# Bm-1 Battery Monitor



## dpsuk999 (Mar 25, 2012)

Hi, I've been a silent member reading all the fantastic knowledge on the forum and last week took the plunge and bought my first motorhome, a Burstner Elegance 690 and so far I'm delighted with it. It has a built in Yamaha 2500 LPG generator and 120w solar panel and 2 110ah leisure batteries. I bought a BM-1 battery monitor the other day and was fitting it today and disconnected the 2 leisure batteries but noticed the e control panel was still on and lights etc working which means they must be powered by the main battery, is this normal?


----------



## bigfrank3 (Mar 26, 2007)

Welcome to posting on the site, perhaps Saturday night is not the best time for a lot of answers.

I would have said not but if you are plugged into EHU perhaps the mains could be powering the 12 volt through the charger.

Maybe somone with a Burstner will be along soon.

Frank


----------



## dpsuk999 (Mar 25, 2012)

Thanks Frank, it was not on ehu so can't have been that.
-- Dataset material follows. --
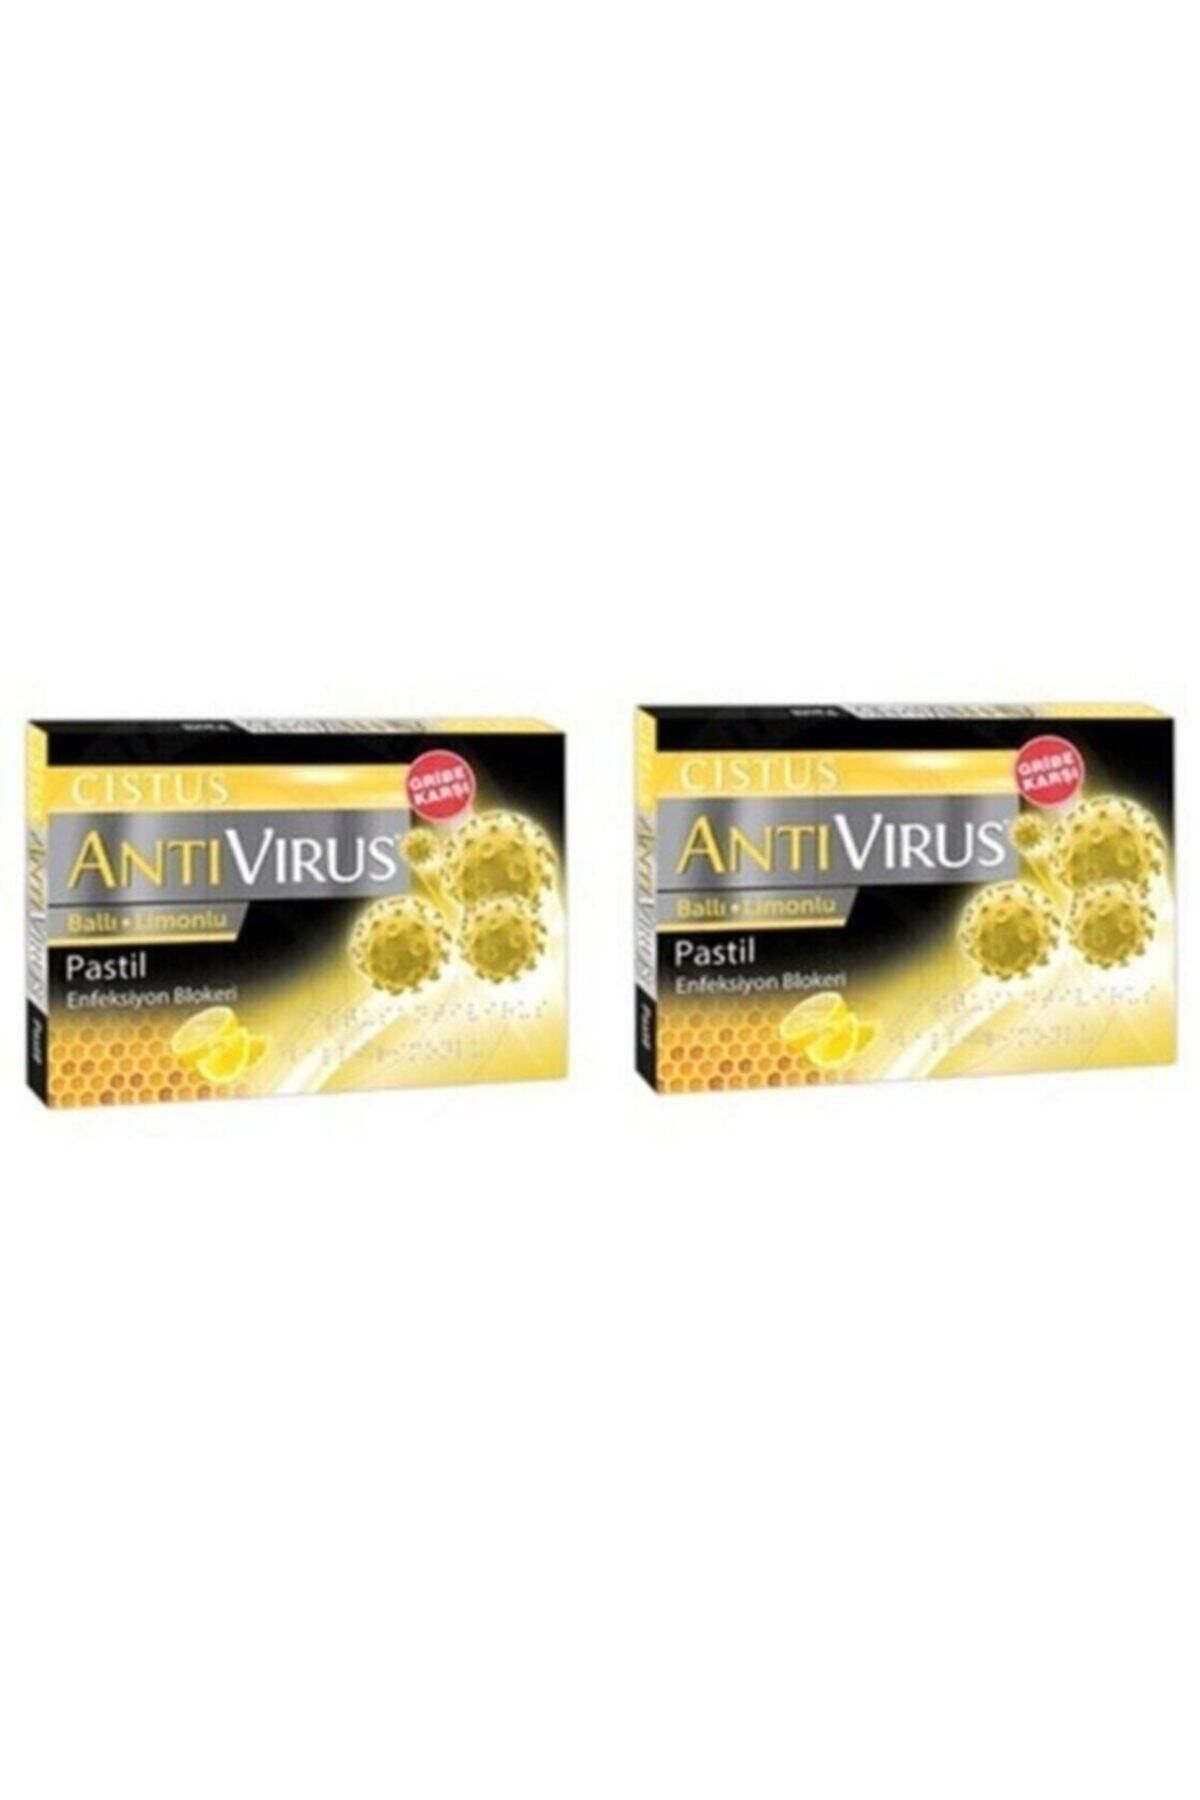 CISTUS Antivirus Pastil Ballı Limonlu 2'li Paket BSL00392

I have noticed that on the e control panel it shows the same voltage for both leisure batteries and van battery.

Also when I fire the generator up it appears to charge both the leisure batteries and van battery as shown on the e control panel. The battery charger is under the bench seat plugged into a 240 socket and only powers up when generator on.
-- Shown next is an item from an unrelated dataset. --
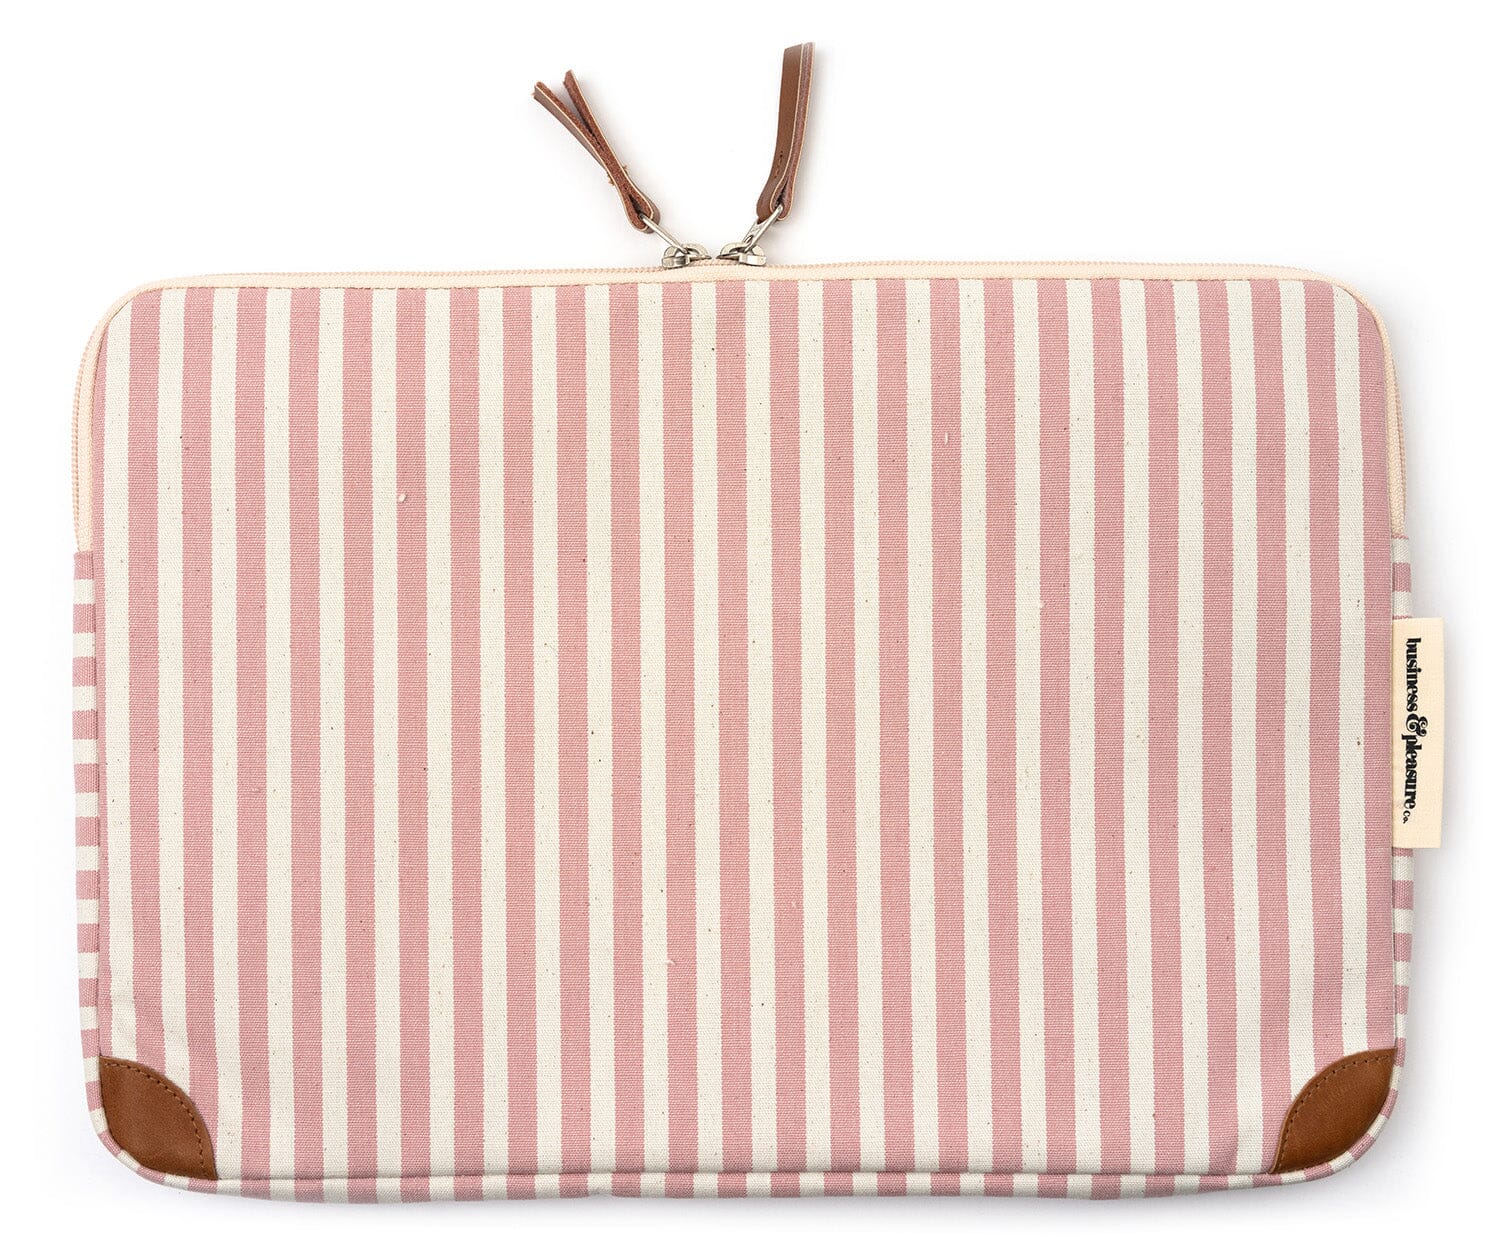 The Laptop Sleeve - Lauren's Pink Stripe

If the van battery is linked to leisure batteries can I just trace the + and - and disconnect these, assuming that's how they are linked?

Thanks


----------



## dpsuk999 (Mar 25, 2012)

Just a follow up, if I did simply disconnect the + and - would this mean the leisure batteries not getting charged from the alternator? 

Thanks


----------



## joedenise (Jul 20, 2007)

you probally have a schauldt regulator-charger which will charge both liesure and vehicle batteries on 240 volts

joe


----------



## dpsuk999 (Mar 25, 2012)

How do I check which regulator-charger I've got? Is that the charger which is under the bench seat which is plugged into a 240v socket and the output goes to the leisure battery bank (and assuming the van battery is also connected to the leisure batteries) charges the van battery too?
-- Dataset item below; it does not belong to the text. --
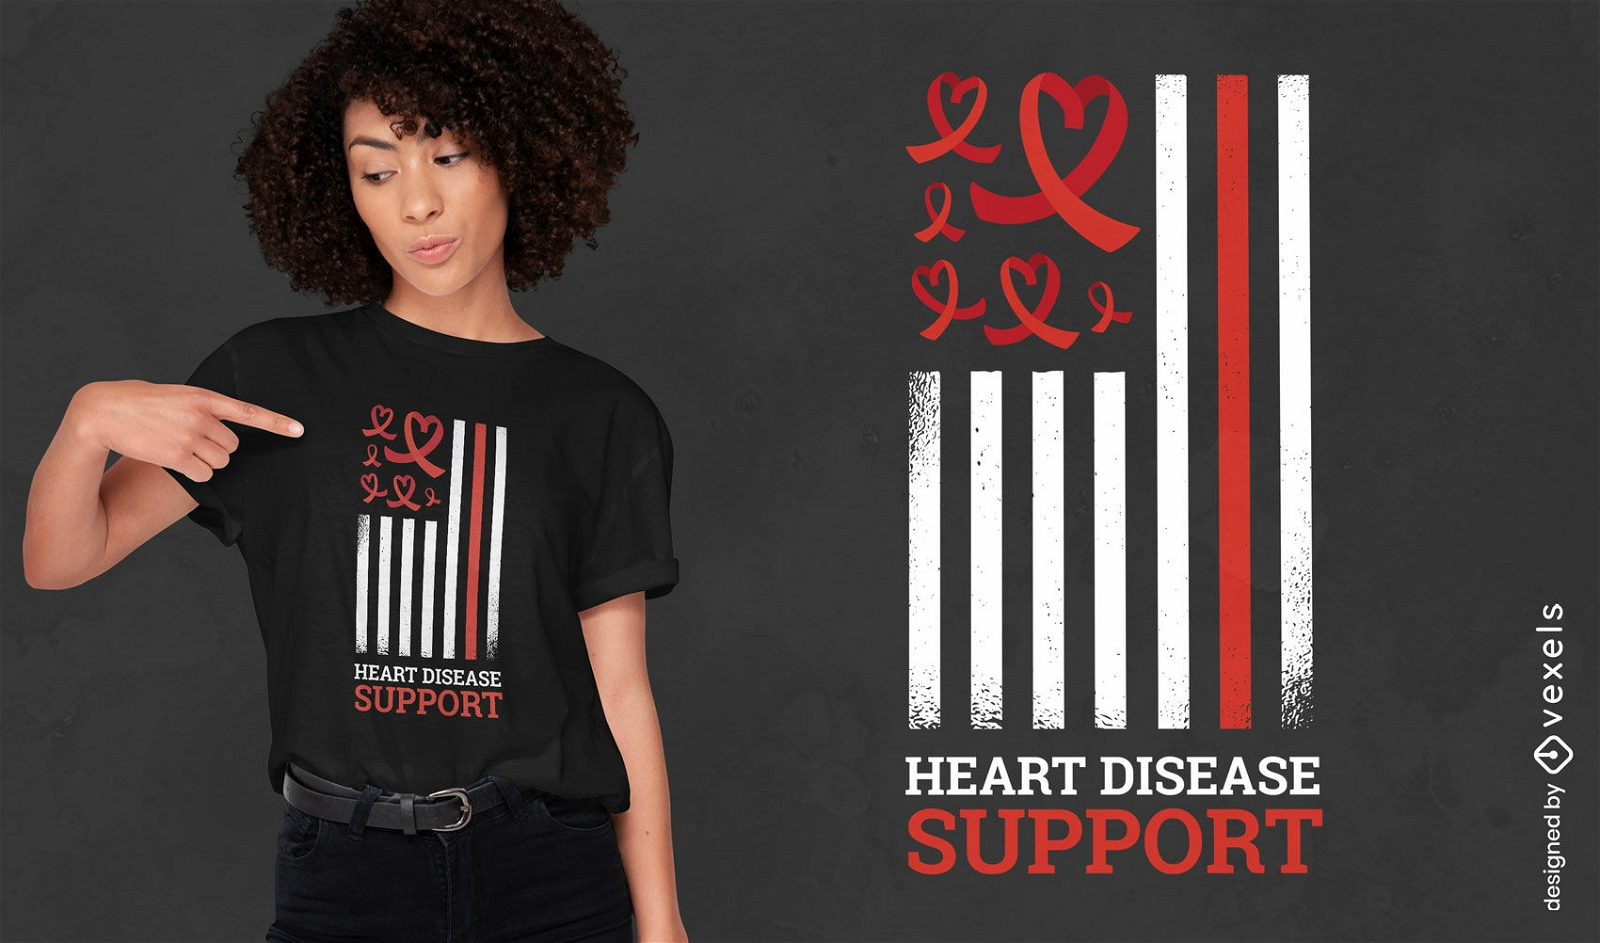 Heart disease support t-shirt design

I notice you have a Burstner too, how long have you had it? Pleased with it?

Thanks


----------



## dpsuk999 (Mar 25, 2012)

Well, just to update you all, sorted out my electrical 'issues'

First the Steca solar regulator was faulty. I just thought that with the very little sun we have been getting lately the reading on the display was correct. I even tested the voltage the solar panel was producing when it was connected to the regulator and it was producing about 1.5v when it was dull. Never thought to disconnect from the regulator then test it, which gave approx 20v!! Hence a faulty regulator. Now duly replaced.

Then whilst I was fitting the BM1 battery monitor I found out the van battery was connected somehow to the leisure batteries. I knew this as when I disconnected the leisure batteries, all the electrics was still on! Wasn't sure if this was right or wrong, but found the culprit. The previous owner had put a link on the e-box positive between the van battery and leisure batteries. This has now been removed and a battery to battery charger fitted, so now when the leisure batteries are been charged by the solar panel, any residual power is now transferred to the van battery.


----------